5. The information processing device according to claim 1, wherein the predetermined distribution is a uniform distribution or a Gauss distribution.

6. The information processing device according to claim 2, wherein, when new learning data is additionally given, the distribution adjustment section thins a learning data group including the new learning data and the existing learning data so that the distribution of the points which are specified by the feature quantity vectors in the feature quantity space becomes closer to the predetermined distribution.

7. The information processing device according to claim 1, further comprising:

a basis function generation section that generates the basis function by combining a plurality of previously prepared functions.

8. The information processing device according to claim 7, wherein

the basis function generation section updates the basis function based on a genetic algorithm,

when the basis function is updated, the feature quantity vector calculation section inputs the input data into the updated basis function to calculate a feature quantity vector, and

the function generation section generates an estimation function which outputs an estimate value of the objective variable in accordance with input of the feature quantity vector which is calculated using the updated basis function.

9. An estimator generating method comprising:

inputting, when a plurality of pieces of learning data each configured including input data and objective variables corresponding to the input data are given, the input data into a plurality of basis functions to calculate feature quantity vectors which include output values from the respective basis functions as elements;

adjusting a distribution of points which are specified by the feature quantity vectors in a feature quantity space so that the distribution of the points becomes closer to a predetermined distribution; and

generating an estimation function which outputs estimate values of the objective variables in accordance with input of the feature quantity vectors with respect to the plurality of pieces of learning data.

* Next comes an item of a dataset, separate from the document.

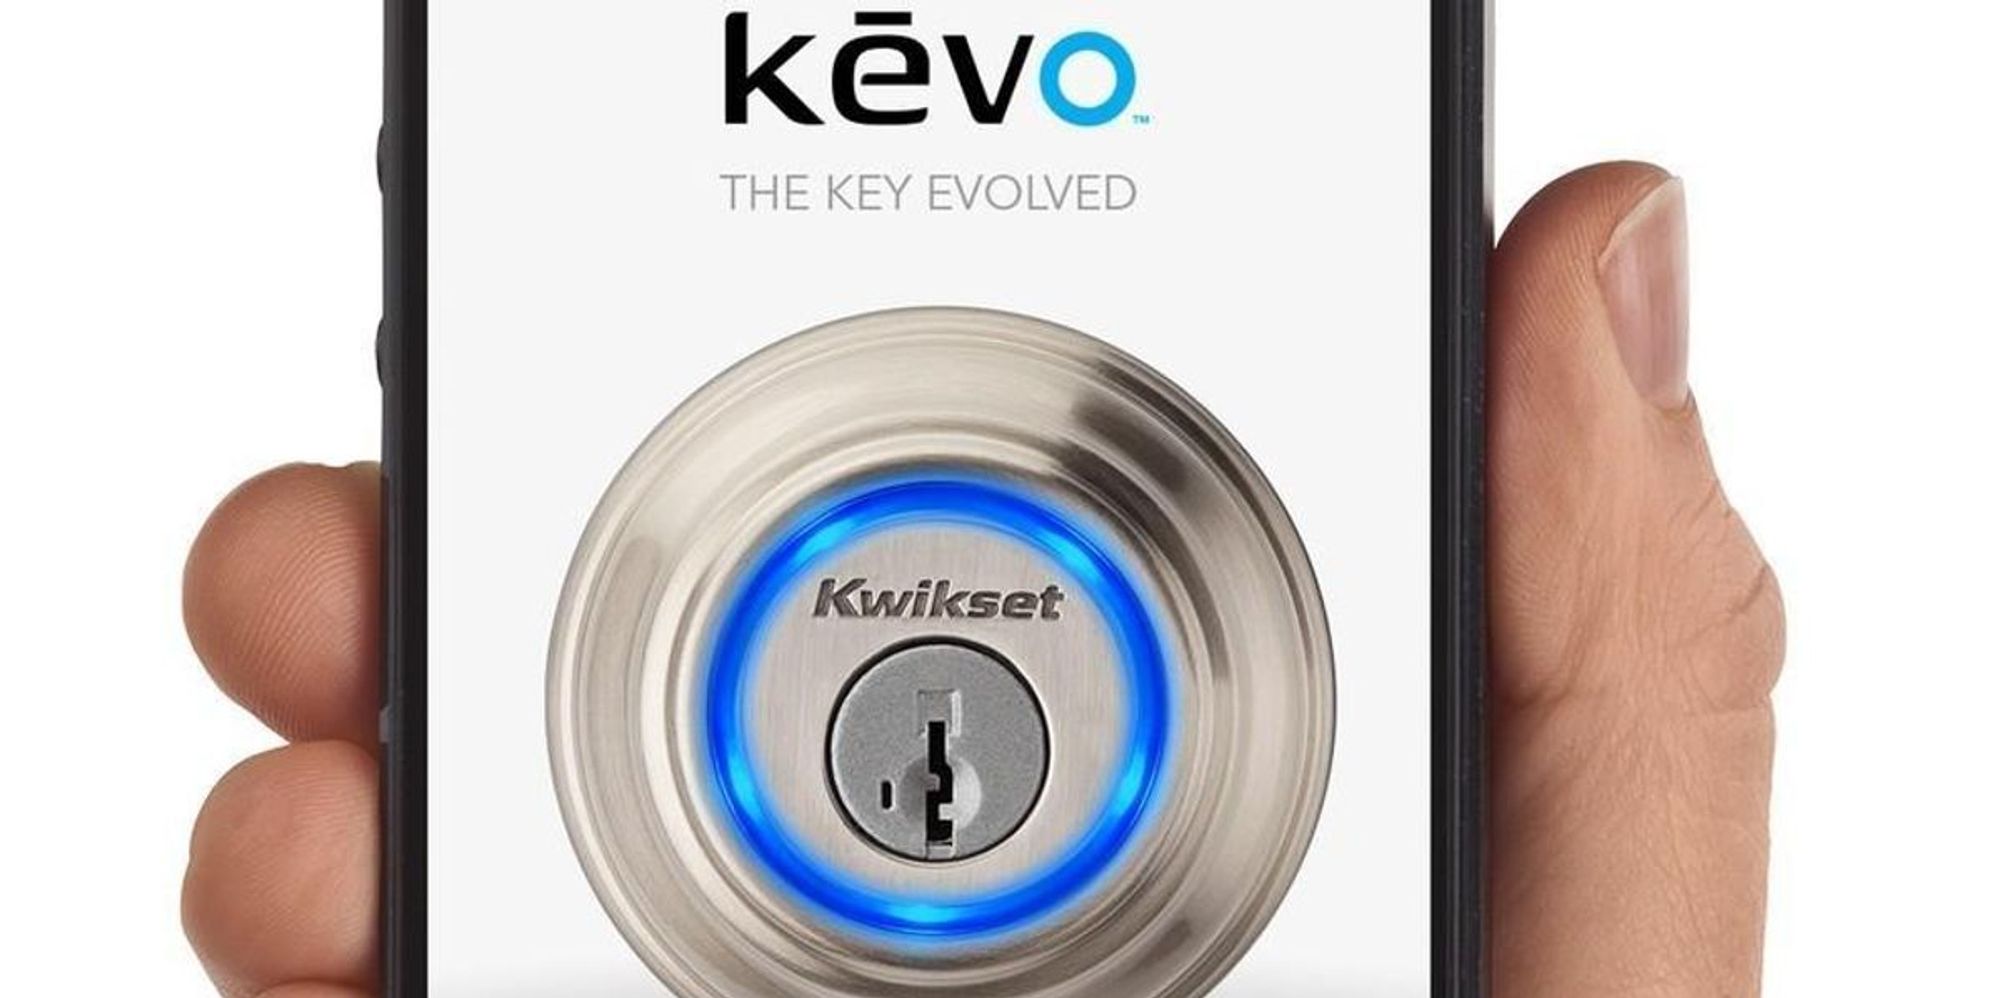 Kwikset Announces Amazon Alexa Skill for Kevo Smart Locks ...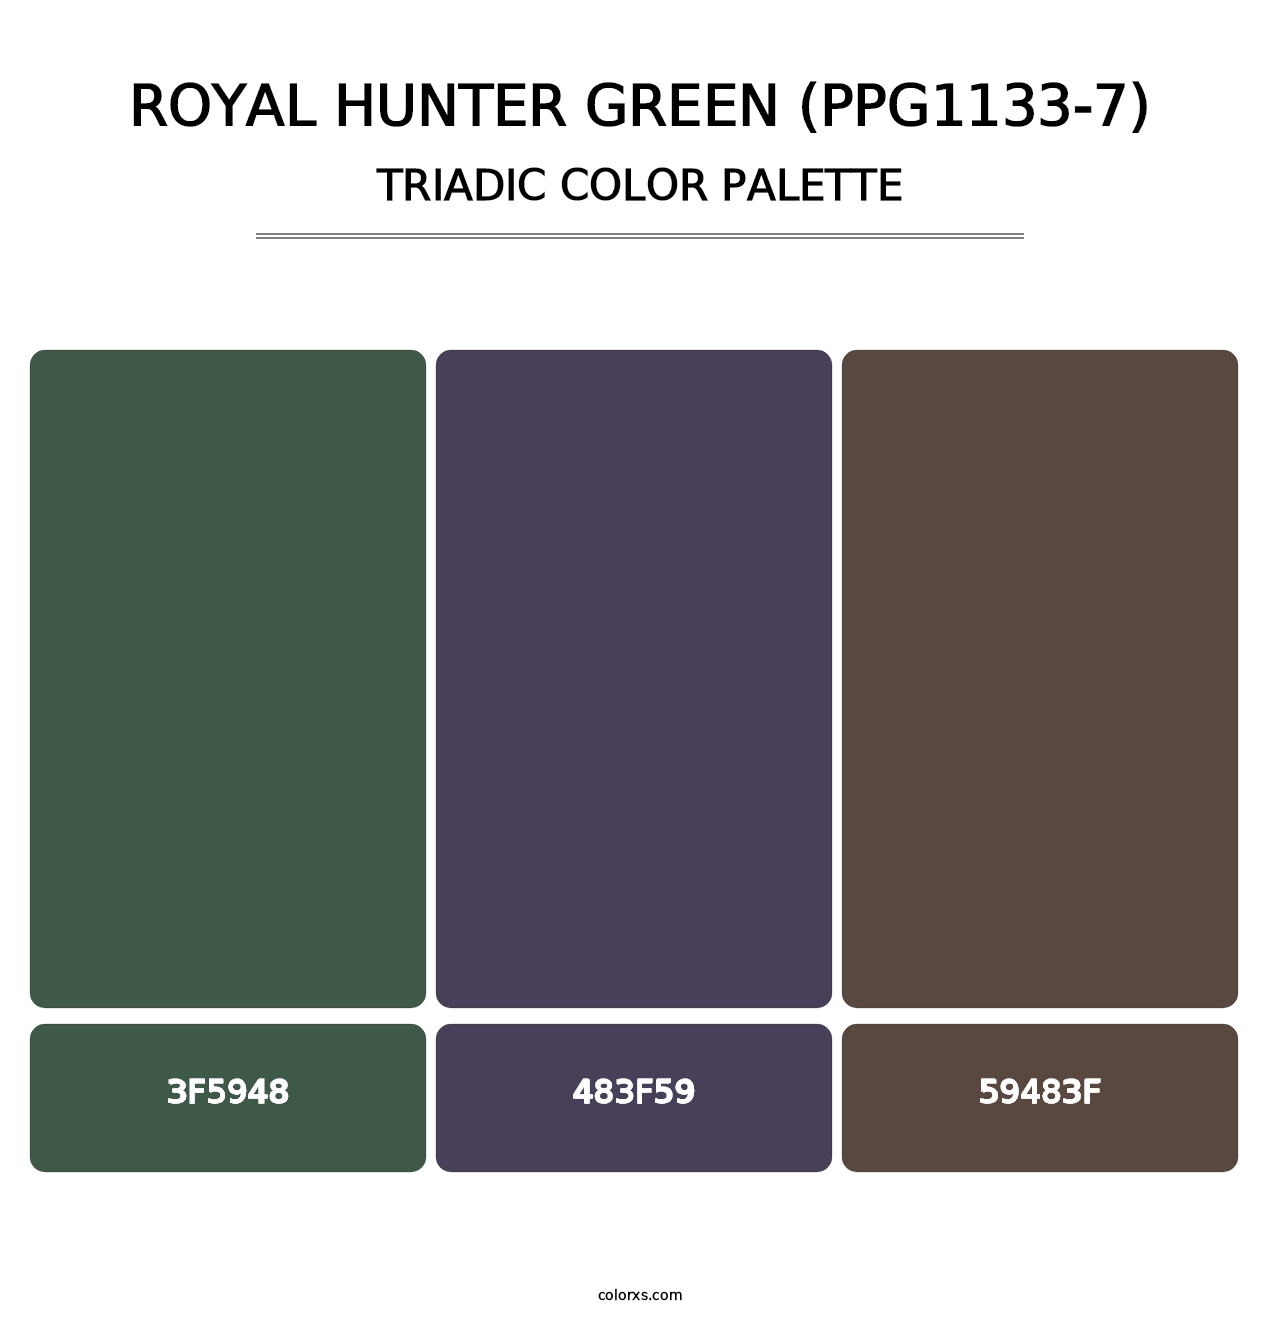 Royal Hunter Green (PPG1133-7) - Triadic Color Palette

10. A program for causing a computer to realize:

a feature quantity vector calculation function that, when a plurality of pieces of learning data each configured including input data and an objective variable corresponding to the input data are given, inputs the input data into a plurality of basis functions to calculate feature quantity vectors which include output values from the respective basis functions as elements;

a distribution adjustment function that adjusts a distribution of points which are specified by the feature quantity vectors in a feature quantity space so that the distribution of the points becomes closer to a predetermined distribution; and

a function generation function that generates an estimation function which outputs an estimate value of the objective variable in accordance with input of the feature quantity vectors with respect to the plurality of pieces of learning data.